TAHAPAN BERDAKWAH DIJALAN ALLAH
Tiga Tahun berdakwah secara Sembunyi-sembunyi
Seperti yang sudah diketahui bahwa kota Mekkah merupakan sentra agama bagi bangsa Arab. Disana terdapat para pengabdi ka'bah dan tiang sandaran bagi berhala dan patungpatung yang dianggap suci oleh seluruh bangsa Arab. Untuk mencapai target perbaikan yang memadai terhadap kondisi yang ada nampaknya akan bertambah sulit dan keras kalau jauh dari jangkauan kondisionalnya. Karenanya, kondisi tersebut membutuhkan tekad baja yang tak gampang tergoyahkan oleh beruntunnya peristiwa alam dan peristiwa yang menimpa; maka yaitu bijaksana dalam menghadapi hal itu, memulai dakwah secara sirri (sembunyisembunyi) semoga penduduk Mekkah tidak dikagetkan dengan hal yang (bisa saja) memancing emosi mereka.
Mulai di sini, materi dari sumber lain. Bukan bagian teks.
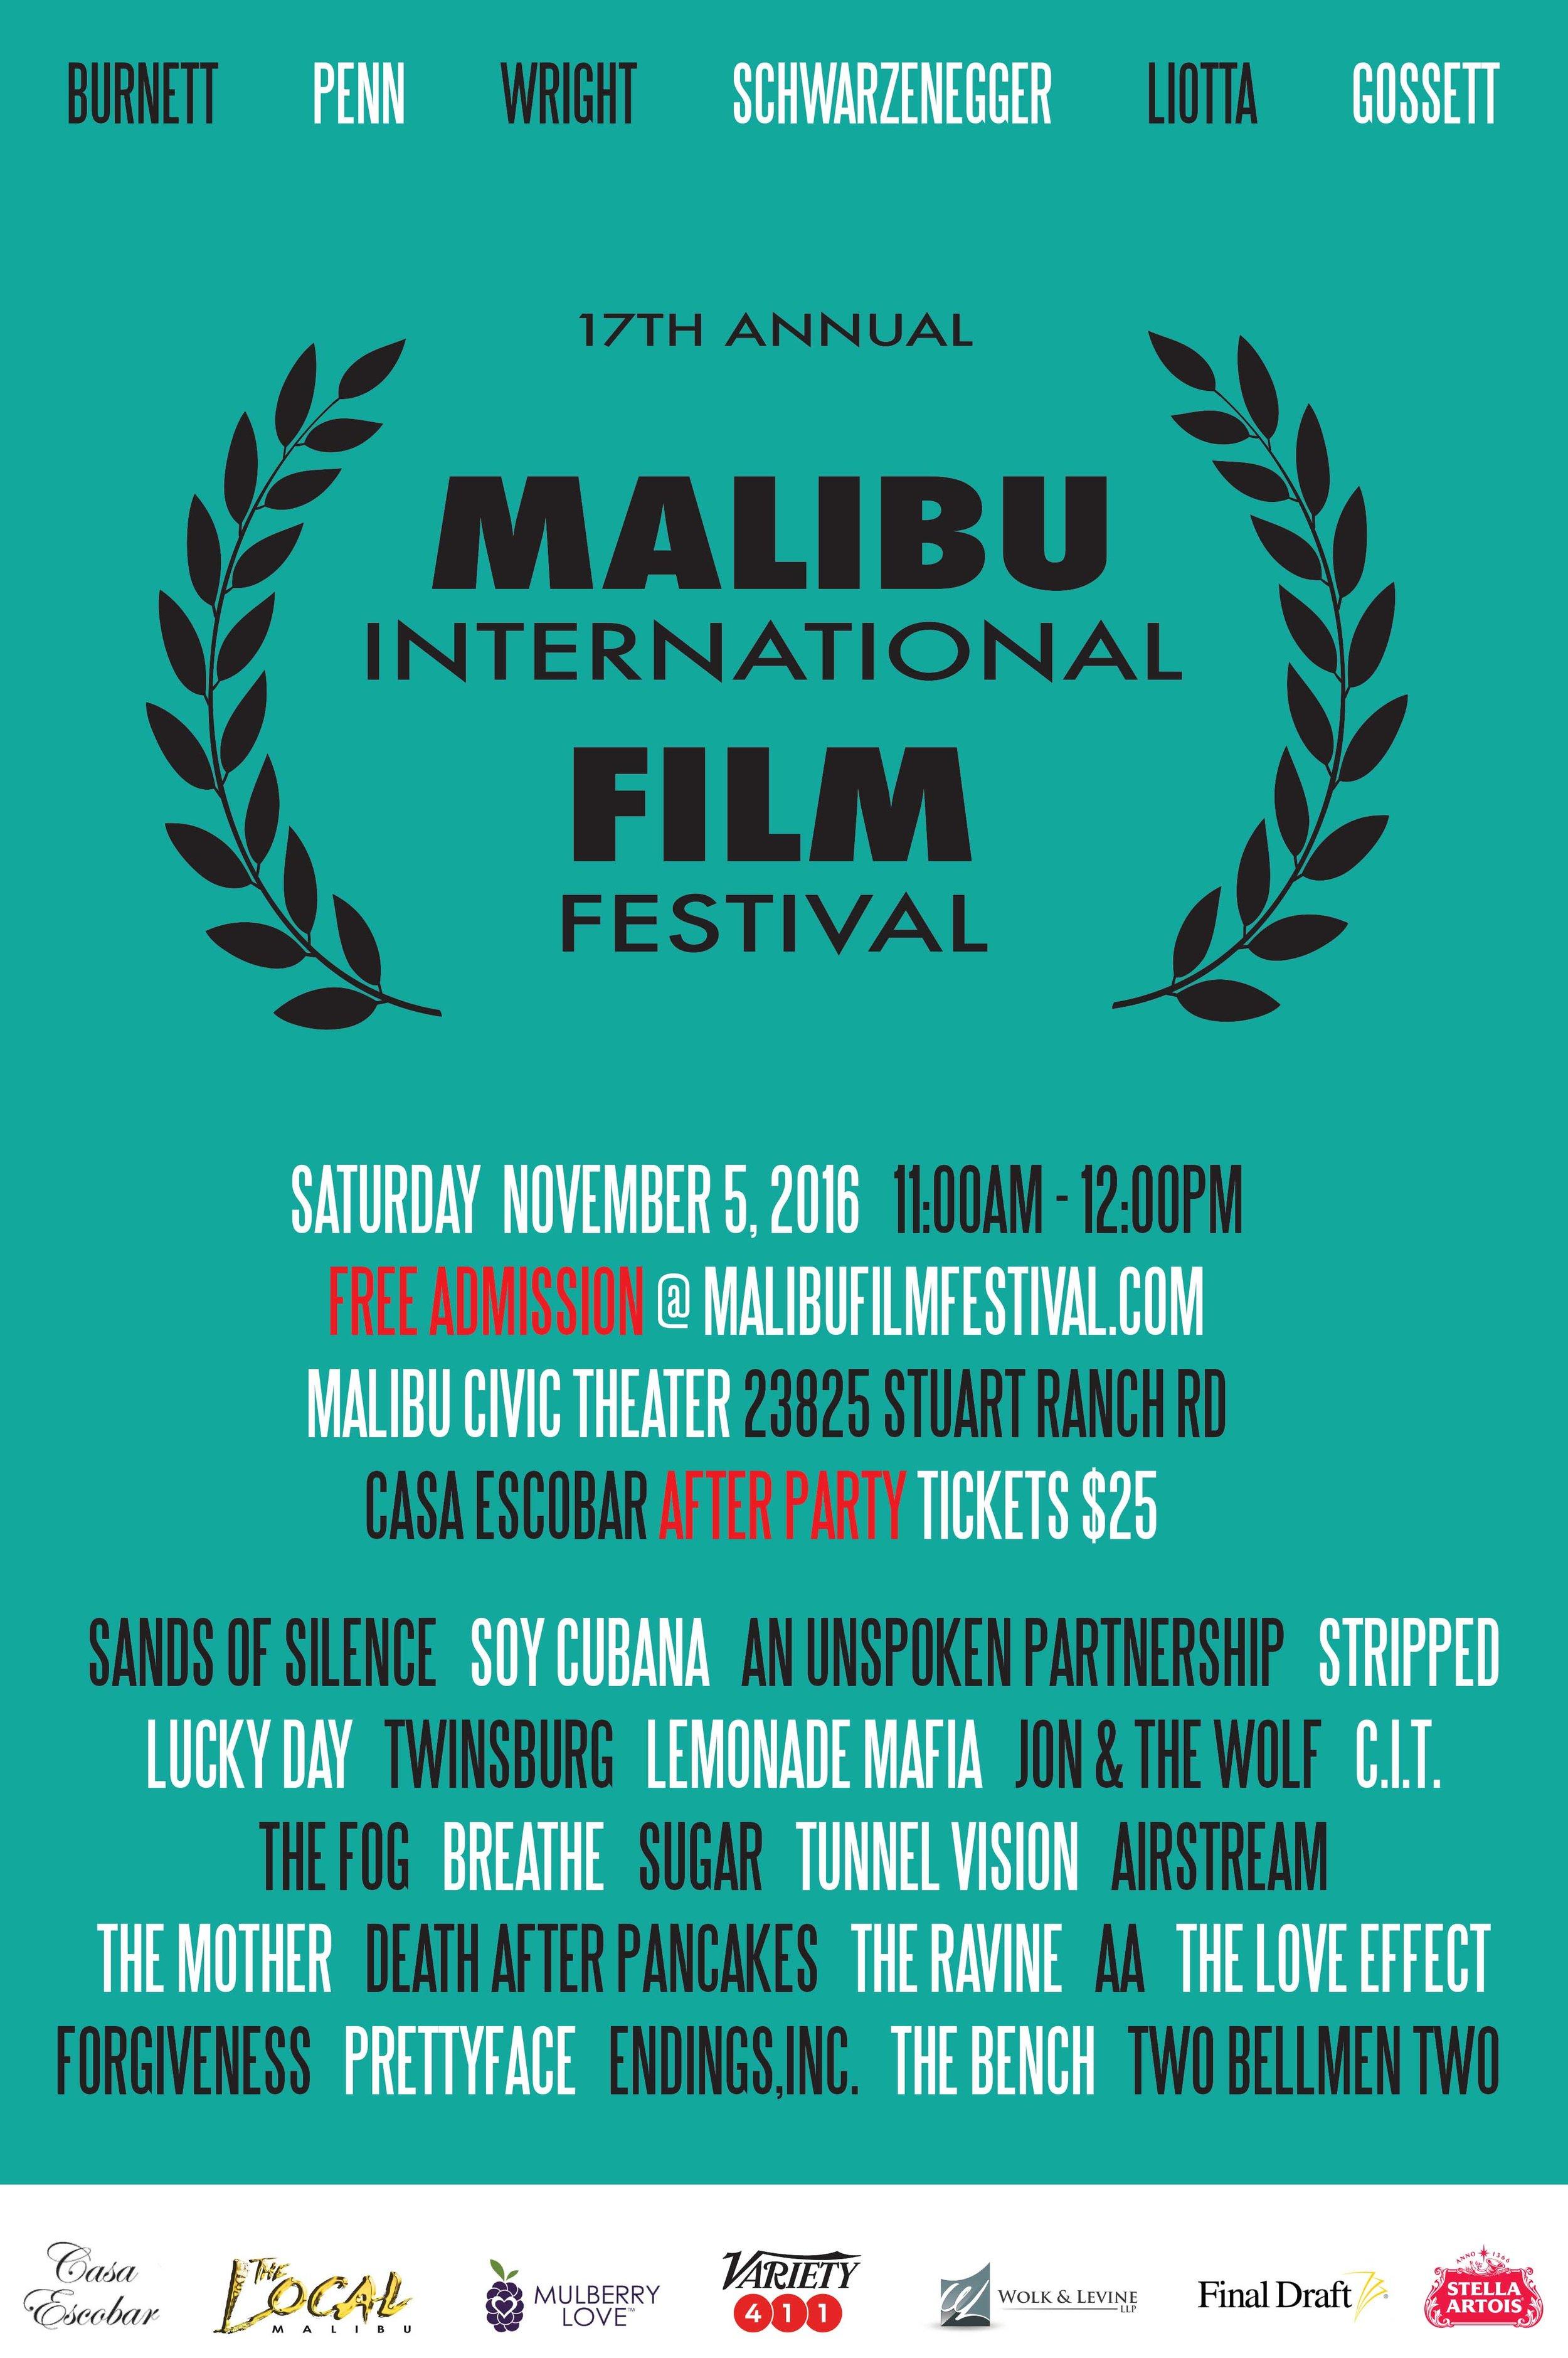 malibu-poster.jpg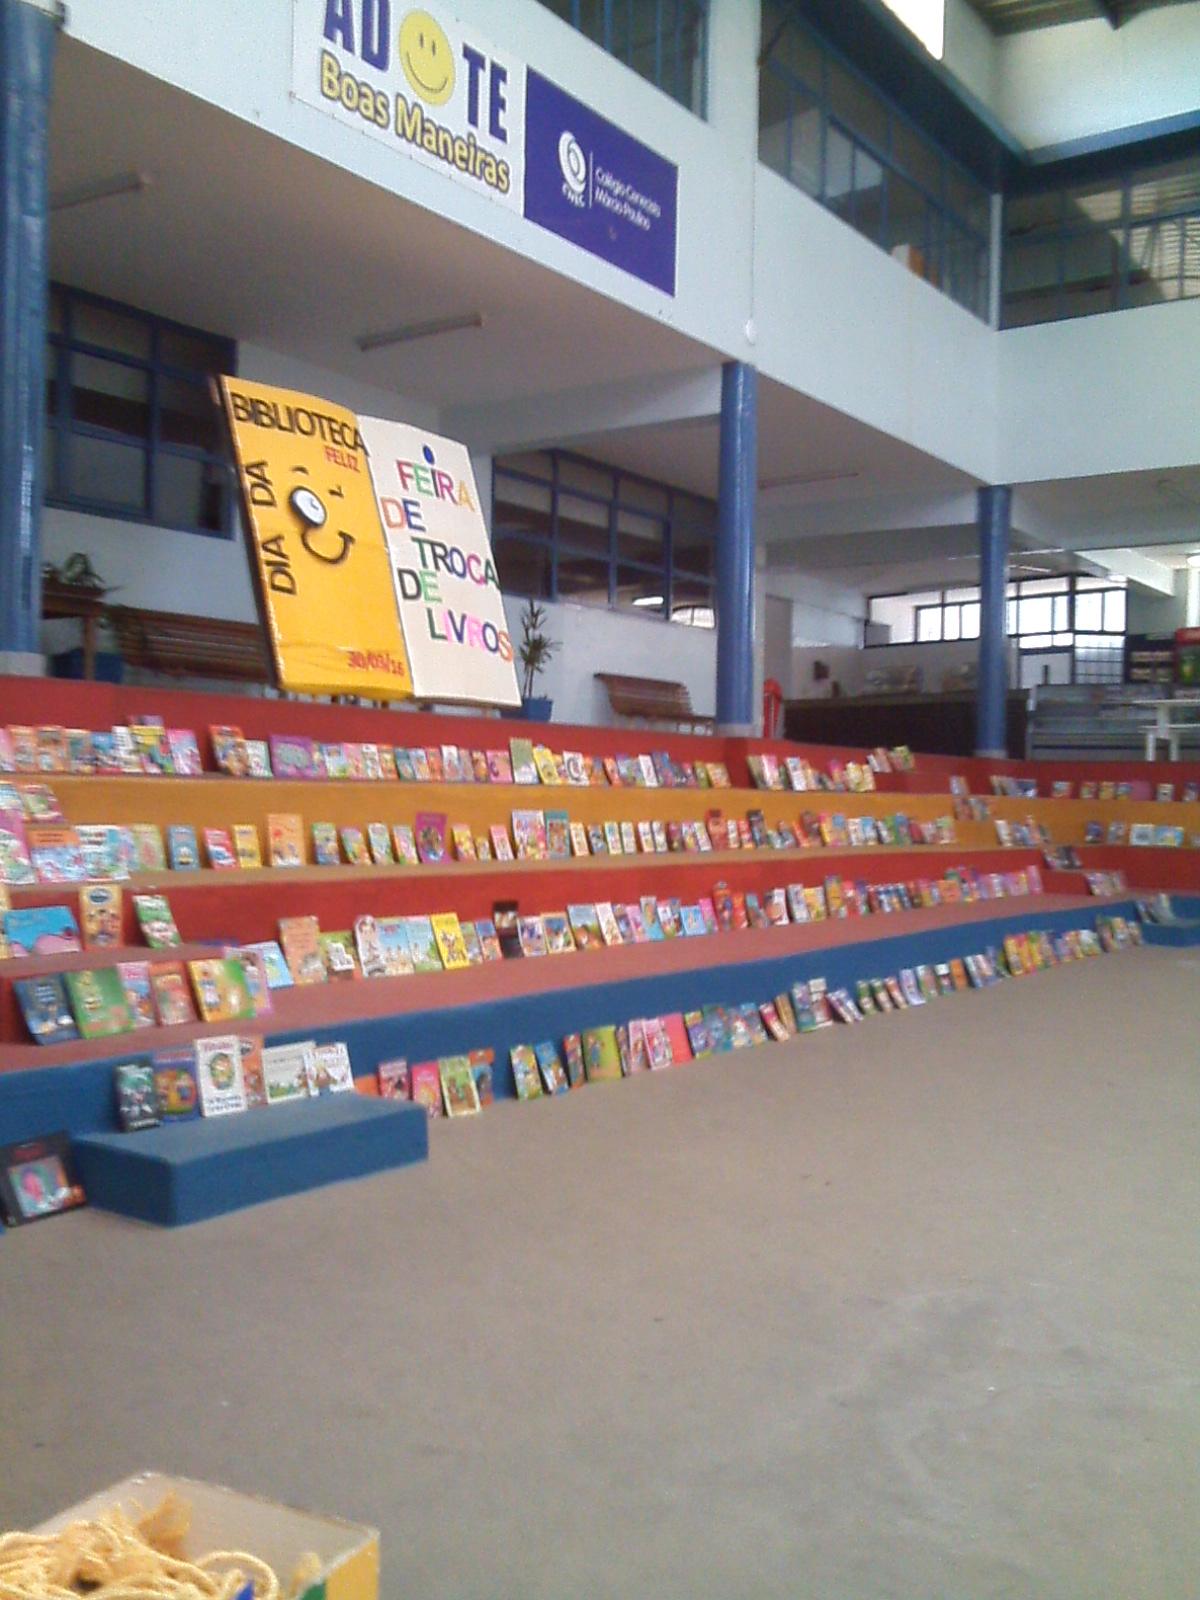 Feira de livros promove a troca de 464 obras entre os alunos (Foto: Vanessa Cipriano)

Kaum Muslimin yang Pertama Kali Masuk Islam
Sudah merupakan sesuatu yang lumrah bila yang pertama-tama dilakukan oleh Rasulullah Shallallâhu 'alaihi wasallam yaitu memberikan Islam kepada orang-orang yang erat hubungannya dengan beliau, keluarga besar serta shahabat-shahabat karib beliau; mereka semua didakwahi oleh dia untuk memeluk Islam. Beliau juga tak lupa mendakwahi orang yang sudah saling mengenal dengan dia dan mempunyai sifat baik dan suka berbuat baik, mereka yang dia kenal sebagai orang-orang yang mengasihi Allah al-Haq dan kebaikan atau mereka yang mengenal dia Shallallâhu 'alaihi wasallam sebagai sosok yang selalu menjunjung tinggi nilai kejujuran dan keshalihan. Hasilnya, banyak diantara mereka – yang tidak sedikitpun dibayangi oleh keraguan terhadap keagungan, kebesaran jiwa Rasulullah serta kebenaran isu yang dibawanya- merespons dengan baik dakwah beliau. Mereka ini dalam sejarah Islam dikenal sebagai as-Saabiquun al-Awwalluun (orangorang yang paling dahulu dan pertama masuk Islam).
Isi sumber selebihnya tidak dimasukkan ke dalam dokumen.